Он считал, что жизнь его протекает упорядоченно и что во взрослом возрасте он пережил только три волнующих приключения. Первое произошло, когда они с друзьями путешествовали на байдарках вдоль скалистого побережья штата Мэн. Неожиданно спустился густой туман, и Скотта сильным течением отнесло в сторону от остальных; несколько часов он плыл в тишине среди этого серого тумана, и единственными звуками, какие он слышал, были плеск волн о пластмассовые борта лодки да всхлипы барахтавшихся поблизости тюленей и дельфинов. Ничего вокруг не было видно, лишь холод и сырость окутывали его. Скотт понимал, что опасность велика — возможно, гораздо больше, чем ему представляется, но сохранял спокойствие и дождался катера береговой охраны, вынырнувшего из клубов окружающего тумана. Капитан сказал, что Скотт находился всего в нескольких ярдах от мощного океанского течения, которое, скорее всего, утащило бы его в открытое море. Услышав это, Скотт перепугался гораздо сильнее, чем тогда, когда угроза была реальной.
Это было первое приключение. Два других были более длительными. В 1968 году, когда Скотту исполнилось восемнадцать и он учился на первом курсе колледжа, он отказался от полагавшейся студентам отсрочки от призыва в армию, полагая, что отсиживаться в убежище, когда другие рискуют жизнью, аморально. Этот опрометчивый поступок казался ему в то время очень благородным, но его романтический ореол значительно потускнел, когда пришла повестка из призывной комиссии. Не успел Скотт оглянуться, как его обрили, обучили военной специальности и отправили во Вьетнам в подразделение огневой поддержки. Одиннадцать месяцев он прослужил на артиллерийской батарее. Его задачей было передавать полученные по радио координаты командиру группы огневой поддержки, который корректировал соответствующим образом угол возвышения и дальность огня. По его команде снаряды вылетали из пушечных жерл с оглушительным свистом, казавшимся более громким и мощным, чем удар грома. Впоследствии Скотту мерещилось в ночных кошмарах, что он участвует в убийстве, не видя, не ощущая и почти не слыша, как оно происходит; проснувшись среди ночи, он гадал, сколько человек он убил на самом деле: десятки, сотни? А может быть, ни одного? Прослужив около года, он вернулся домой, ни разу так и не посмотрев на кого-либо через мушку прицела.

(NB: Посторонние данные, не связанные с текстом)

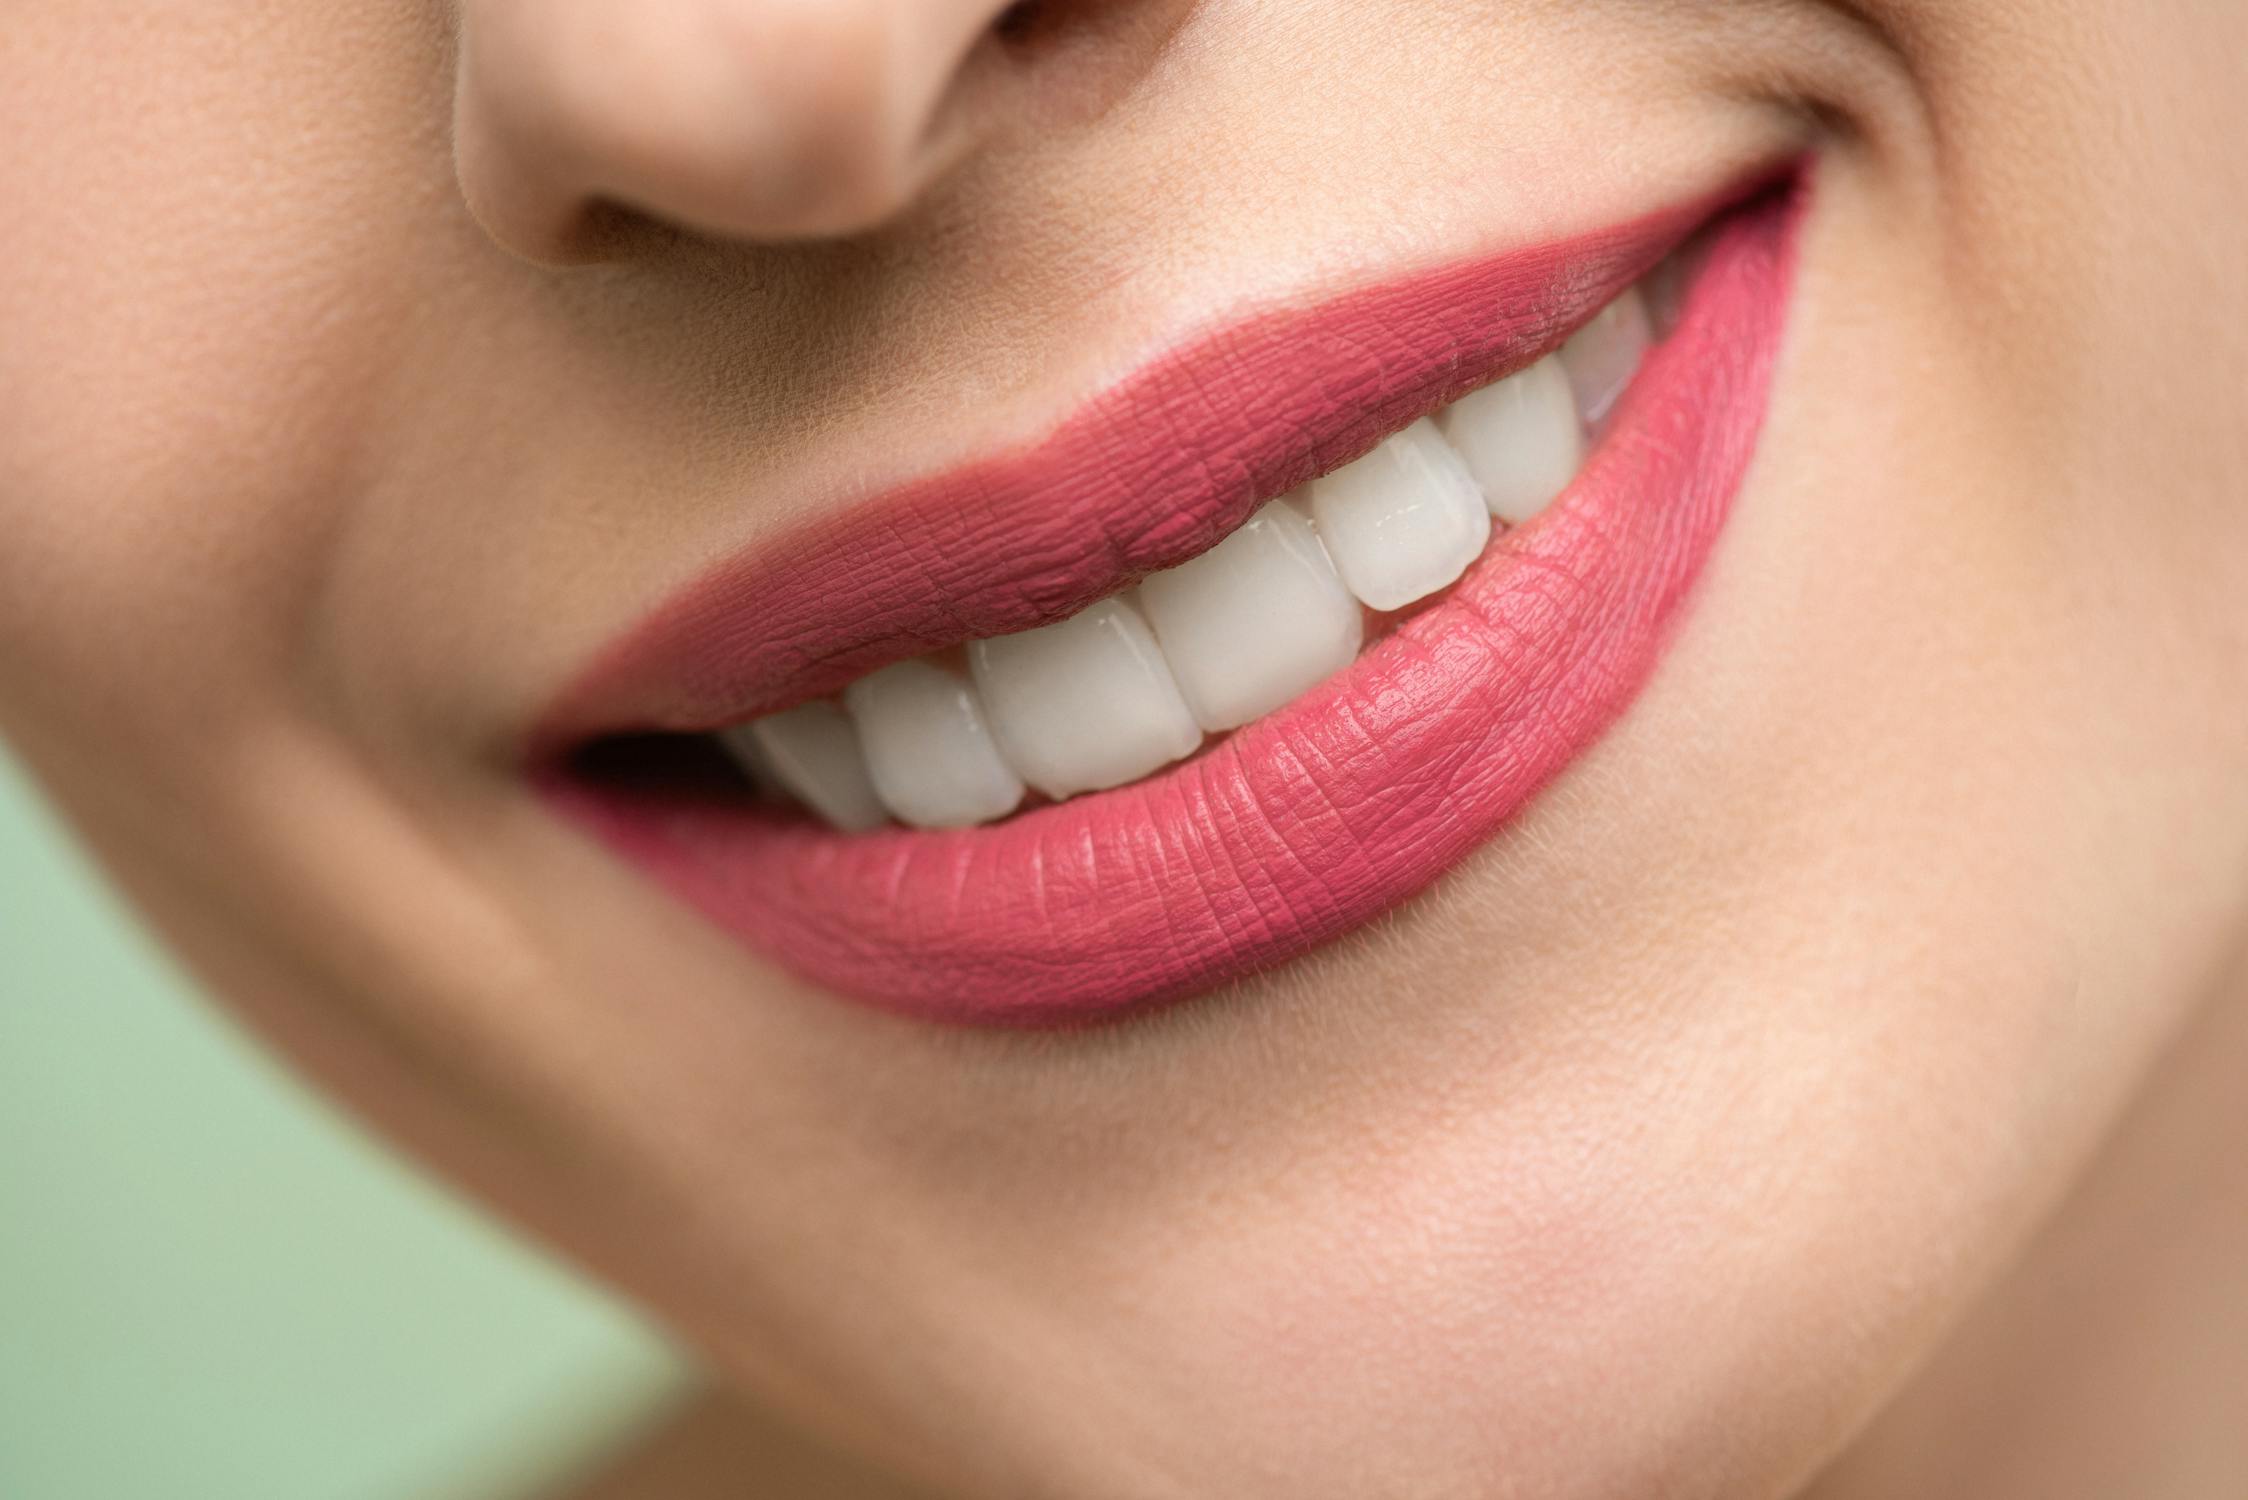 Beautiful Smile Photo by Shiny Diamond from Pexels: https://www.pexels.com/photo/woman-with-red-lipstick-smiling-3762453/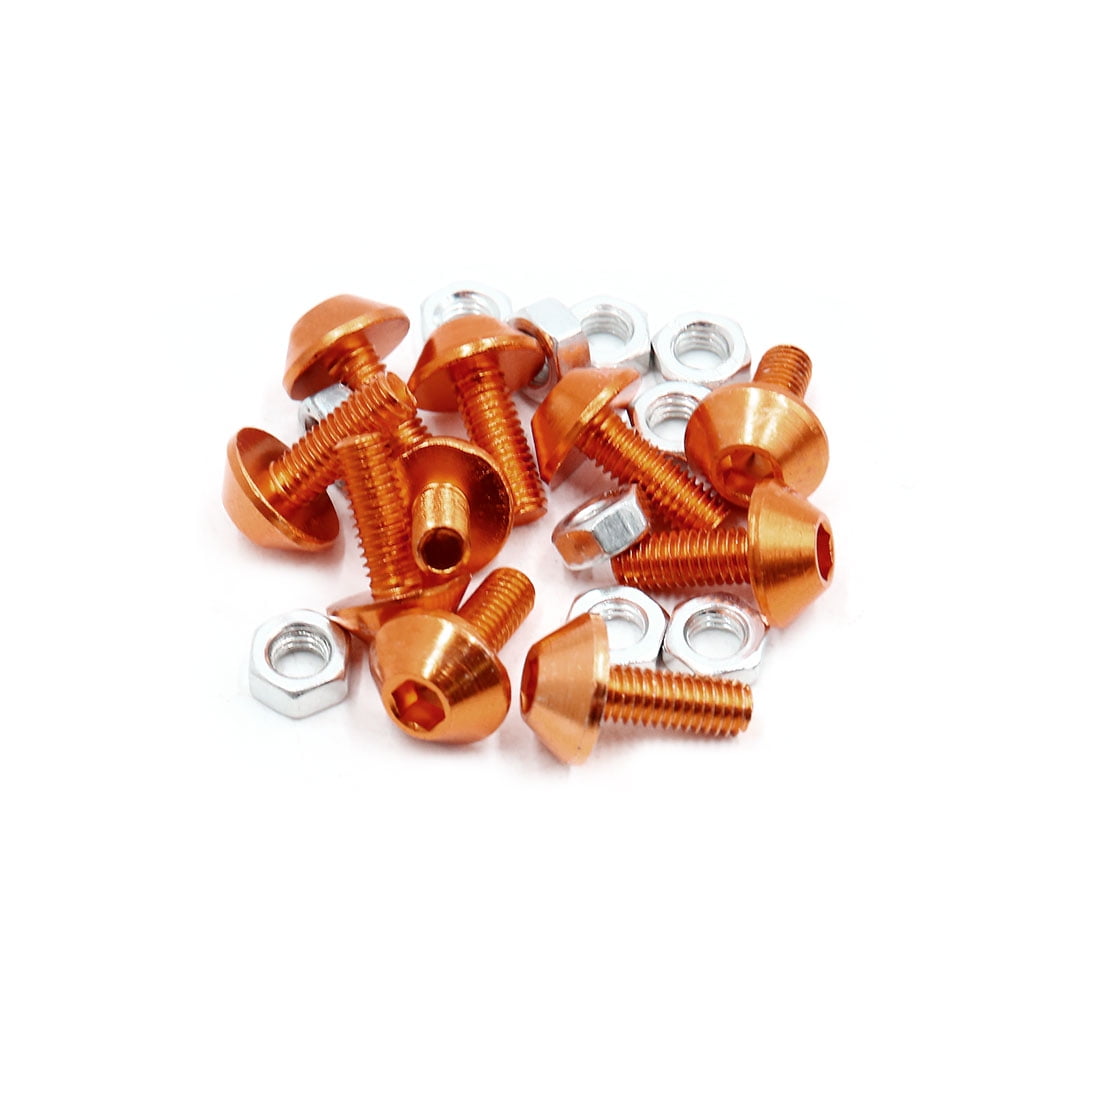 uxcell 10 Pcs 30 X 15mm Round License Plate Bolt Screw Orange for Motorcycle

По возвращении Скотт Фримен избегал участвовать в политических баталиях, охвативших всю страну, и кинулся в науку с целеустремленностью, удивлявшей его самого. Повидав войну — по крайней мере с одной стороны, — он находил душевный покой в занятиях историей: там все спорные вопросы были уже решены, все страсти отбушевали. Он не любил рассказывать о том, как был на войне, и теперь, достигший среднего возраста, остепененный и пользующийся заслуженным уважением, сомневался, что кому-либо из его коллег известно его военное прошлое. По правде говоря, ему часто казалось, что это был всего лишь сон — возможно, кошмар, — и он привык думать, что этого года, отмеченного печатью смерти, как бы и не существовало.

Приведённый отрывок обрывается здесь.